How should healthcare providers use these guidelines and recommendations?

The primary purpose of clinical laboratory testing is to support medical decision-making. In the clinic, genetic testing is generally used to identify or confirm the cause of disease and to help the healthcare provider make individualized treatment decisions including the choice of medication. Due to the complexity of genetic testing, optimal results are best realized when the referring healthcare provider and the clinical laboratory work collaboratively in the testing process.

When a healthcare provider orders genetic testing, the patient’s clinical information is integral to the laboratory’s analysis. As healthcare providers increasingly utilize genomic sequencing (exome or genome), the need for detailed clinical information to aid in interpretation assumes increasing importance. For example, when a laboratory finds a rare or novel variant in a genomic sequencing sample, the director cannot assume it is relevant to a patient just because it is rare, novel or de novo. The laboratory must evaluate the variant and the gene in the context of the patient's and family's history, physical examinations and previous laboratory tests in order to distinguish between variants that cause the patient's disorder and those that are incidental (secondary) findings or benign. Indeed, accurate and complete clinical information is so essential for the interpretation of genome-level DNA sequence findings that the laboratory can reasonably refuse to proceed with the testing if such information is not provided with the test sample.

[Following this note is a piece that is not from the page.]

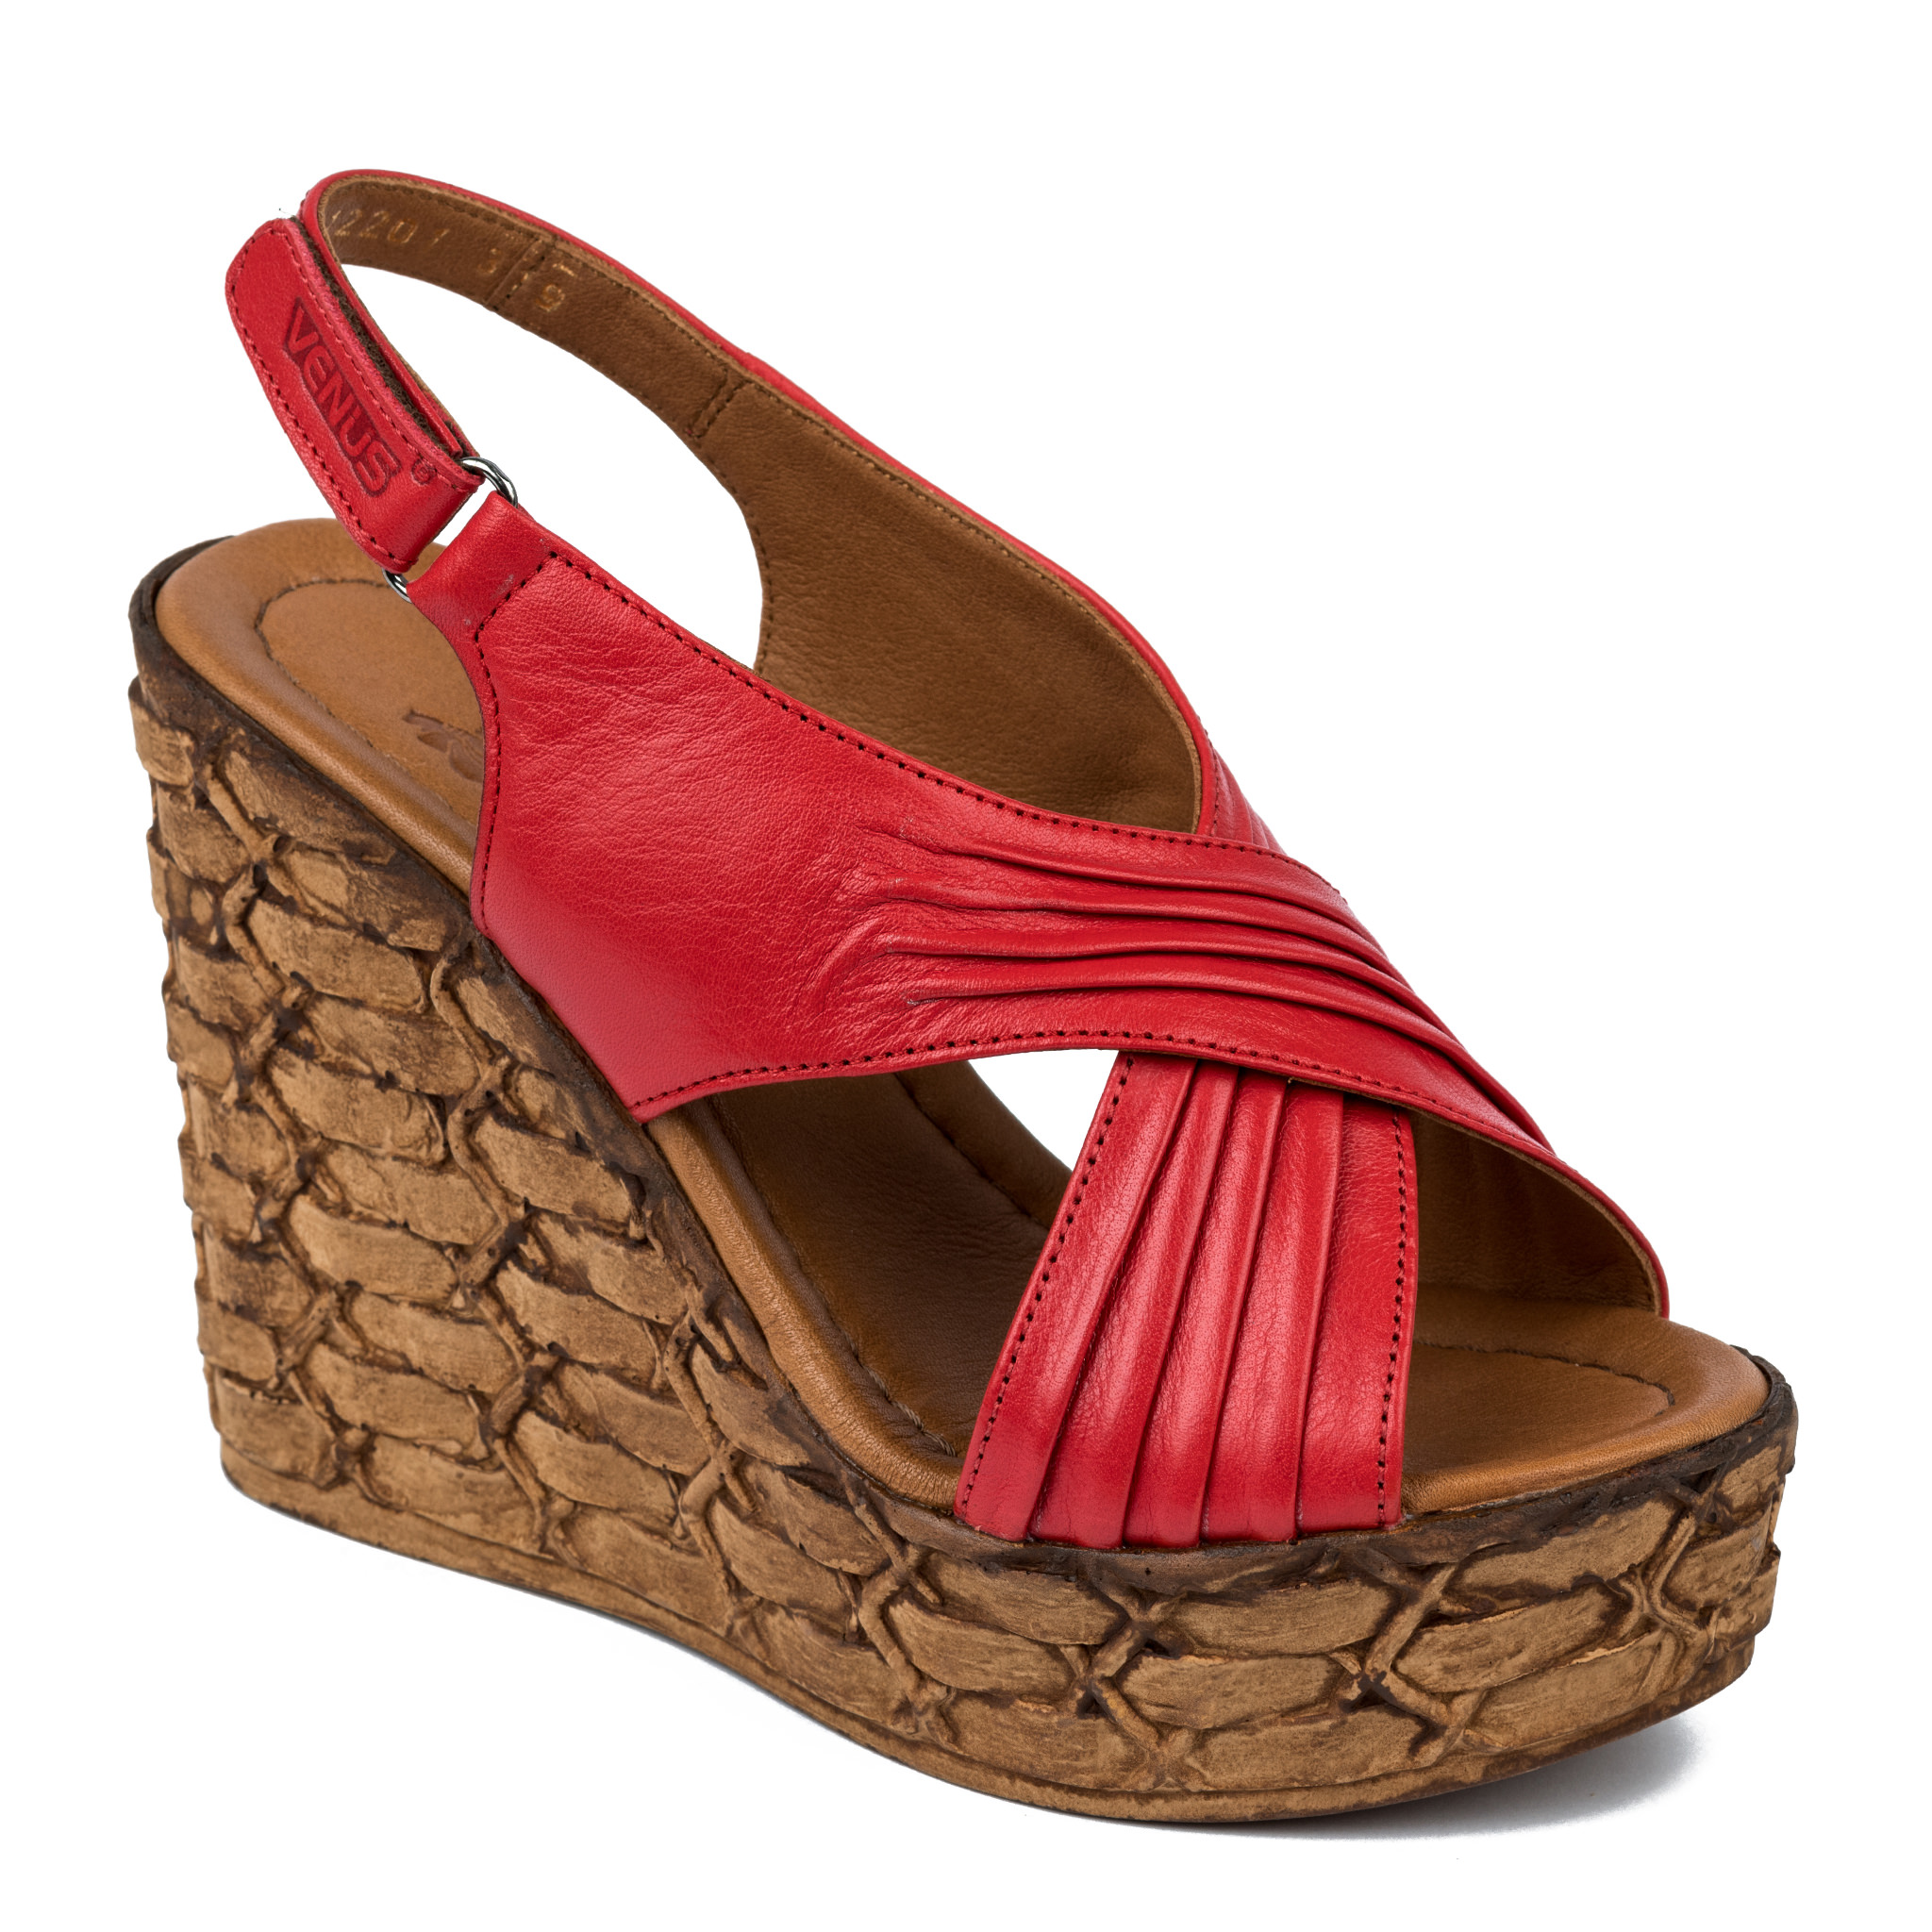 Women sandals A256 - RED

For tests that cover a broad range of phenotypes (large panels, exome and genome sequencing) the laboratory may find candidate causative variants. Further follow-up with the healthcare provider and patient may uncover additional evidence to support a variant. These additional phenotypes may be subclinical requiring additional clinical evaluation to detect (e.g. temporal bone abnormalities detected by CT in a hearing impaired patient with an uncertain variant in SLC26A4, the gene associated with Pendred syndrome). Additionally, it is valuable to test other family members to establish when a variant is de novo, when a variant co-segregates with disease in the family and when a variant is in trans with a pathogenic variant in the same recessive disease-causing gene. It is possible to filter out or discount the vast majority of variants for dominant diseases when they can be observed in healthy relatives, making the interpretation much more efficient and conclusive. To this end, it is strongly recommended that every effort be made to include parental samples along with that of the proband, so-called “trio” testing (mother, father, affected child) in the setting of exome and genome sequencing, particularly for suspected recessive or de novo causes. Obviously this will be easier to achieve for pediatric patients than for affected adults. In the absence of one or both parents, the inclusion of affected and unaffected siblings can be of value.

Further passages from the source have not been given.